Текст книги "Смерть в Париже"


Автор книги: Владимир Рекшан



сообщить о нарушении

Текущая страница: 2 (всего у книги 21 страниц)

Малинин стоит на входе в малиновом пиджаке, лицо ровное, розовое, без зацепочки. На него наезжает бородач с «Бетакамом», а телевизионная женщина типа «девушка» интервьюирует:

– Творческий рост вашего подопечного…

Справа из буфета выбегает Коля Васин в косоворотке до колен. Волосы дыбом и борода вразлет, словно у варвара перед вратами Рима.

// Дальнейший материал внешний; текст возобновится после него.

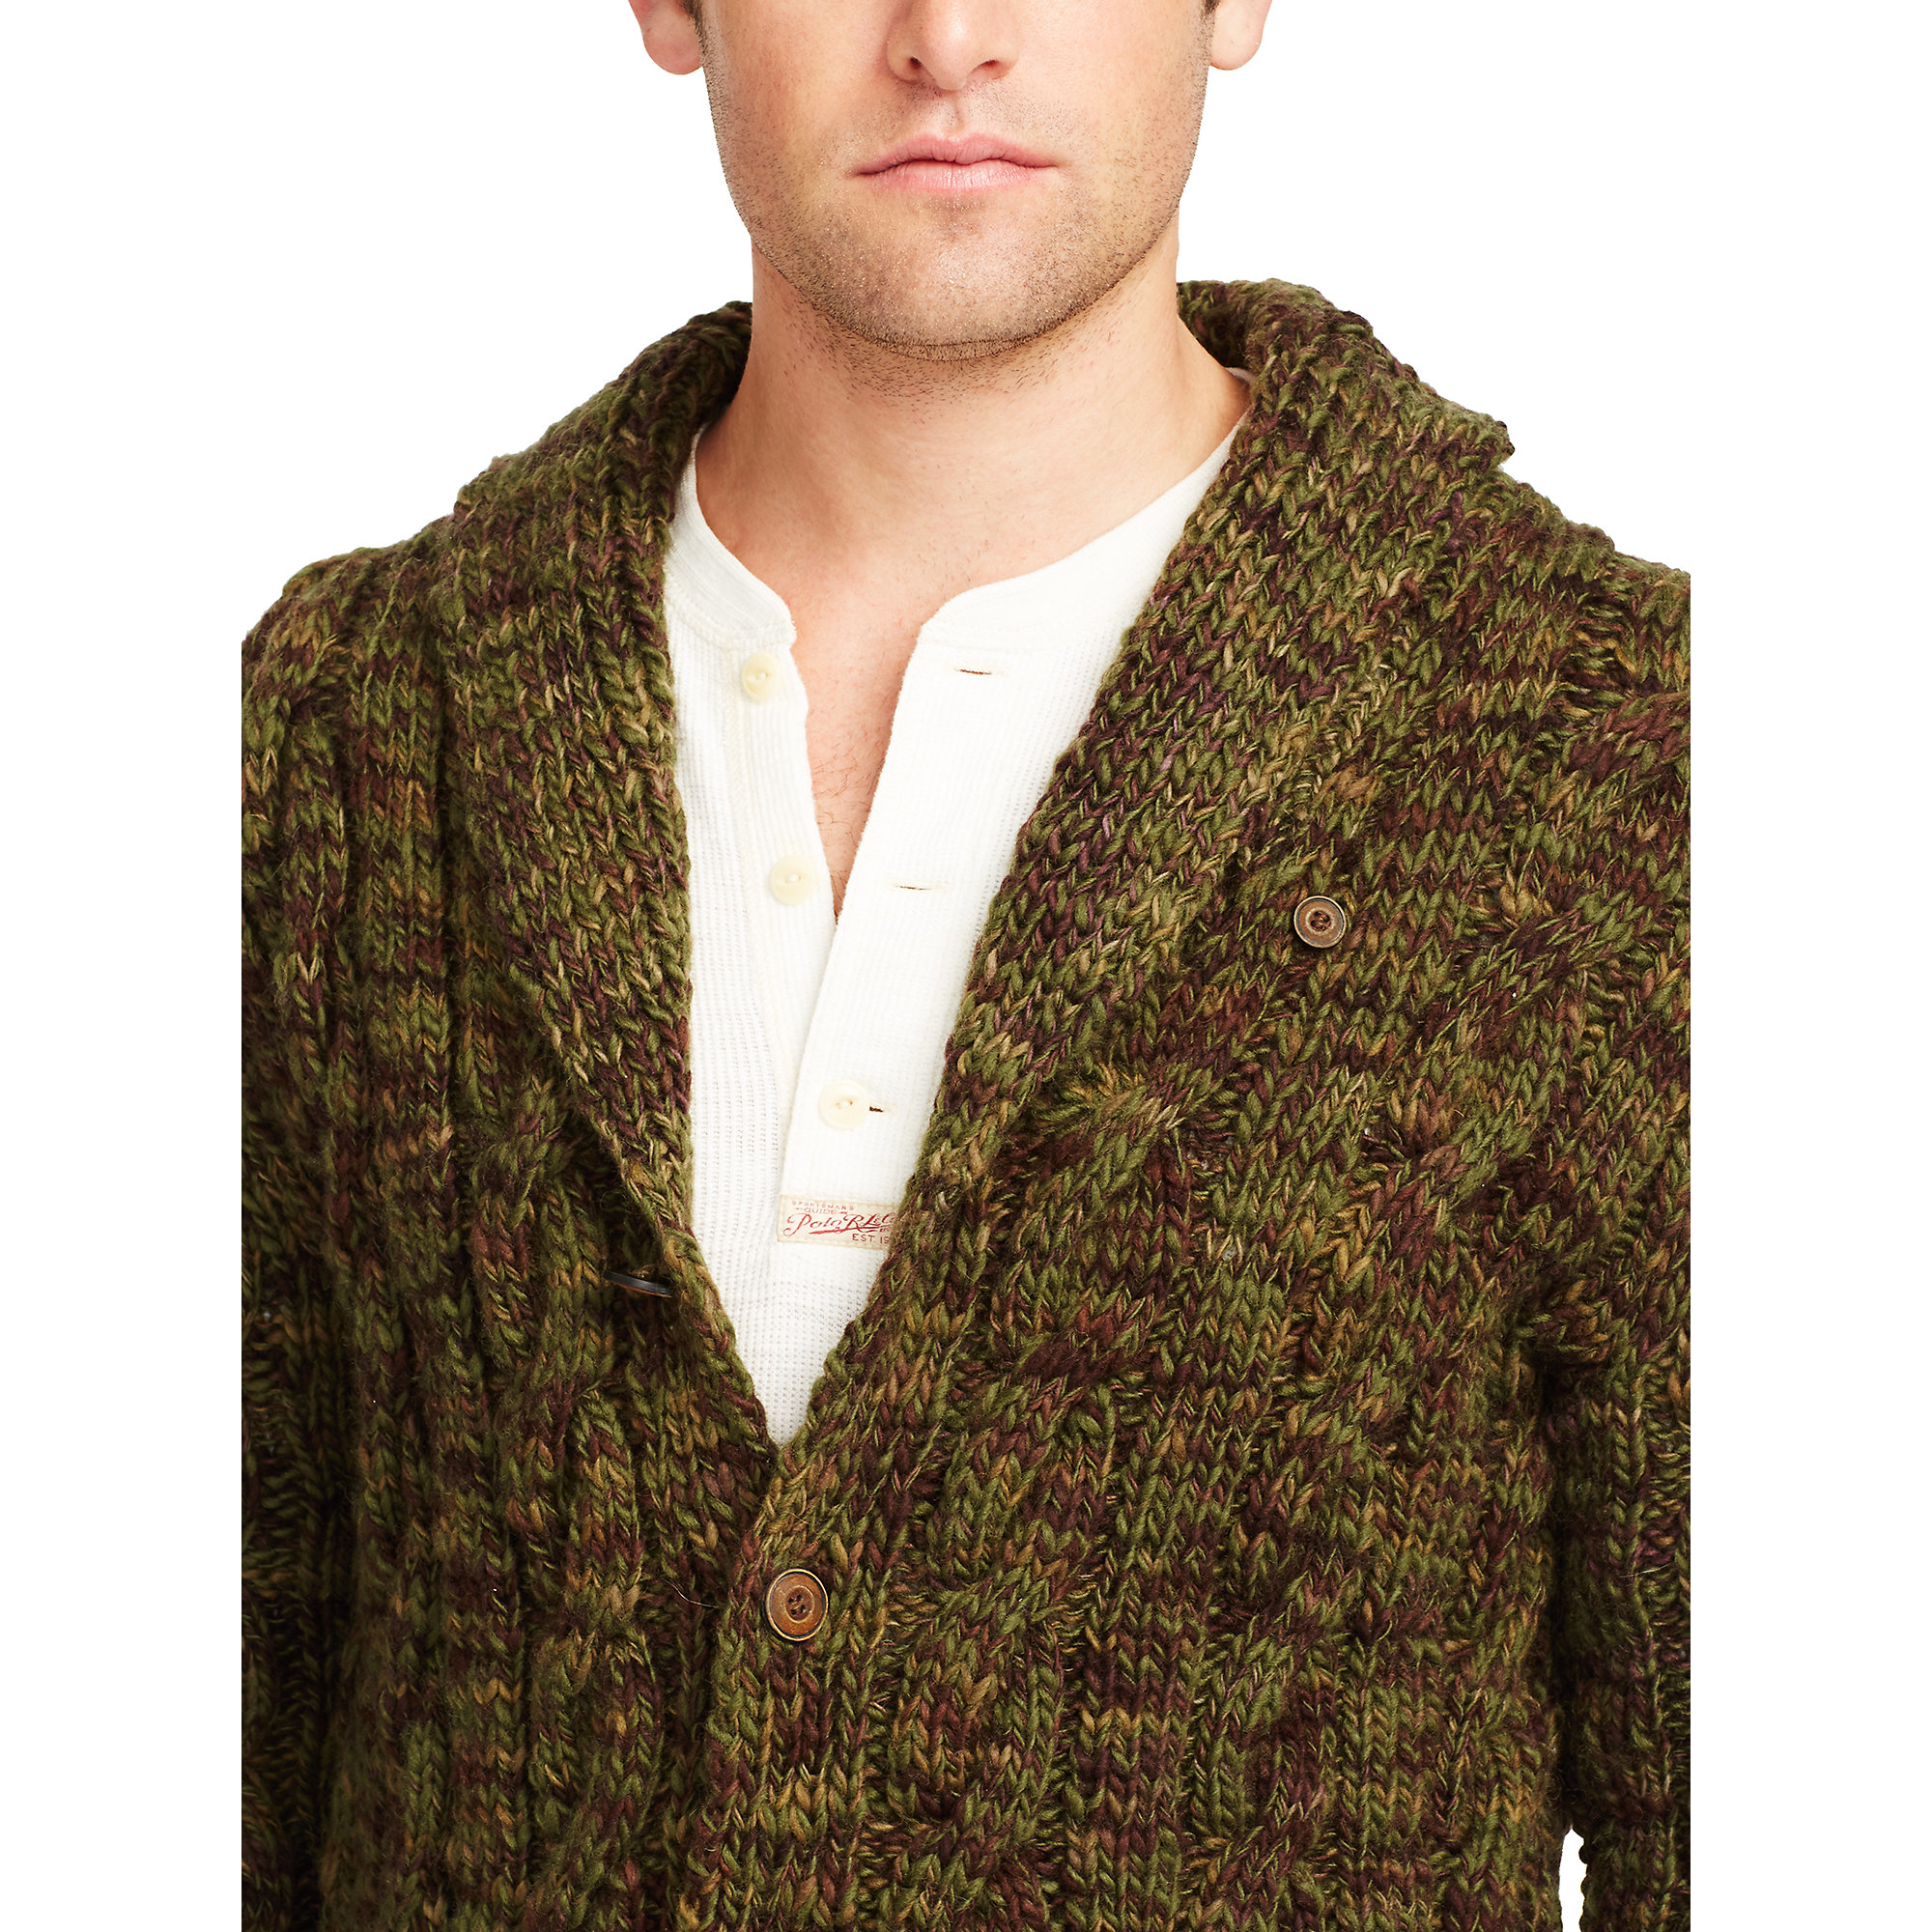 Lyst - Polo Ralph Lauren Camo Wool Shawl Cardigan in Green for Men

– Высшая точка кайфа перед падением в рай храма рок-н-…

– Костя, Костя, Костя! – В глубь коридора весь в черном пробегает Кинчев, а за ним семенят первокурсницы.

Никита отрывается от меня и исчезает за поворотом правого коридора, а я остаюсь в толпе тусовки. Даже Юлию бросил. Я понимаю его – мастерство исчезновения вырабатывается с годами. Сперва известность удовлетворяет гордыню, но скоро начинают досаждать постоянными вторжениями почитатели и друзья, чьего почитания и дружбы ты же и добивался.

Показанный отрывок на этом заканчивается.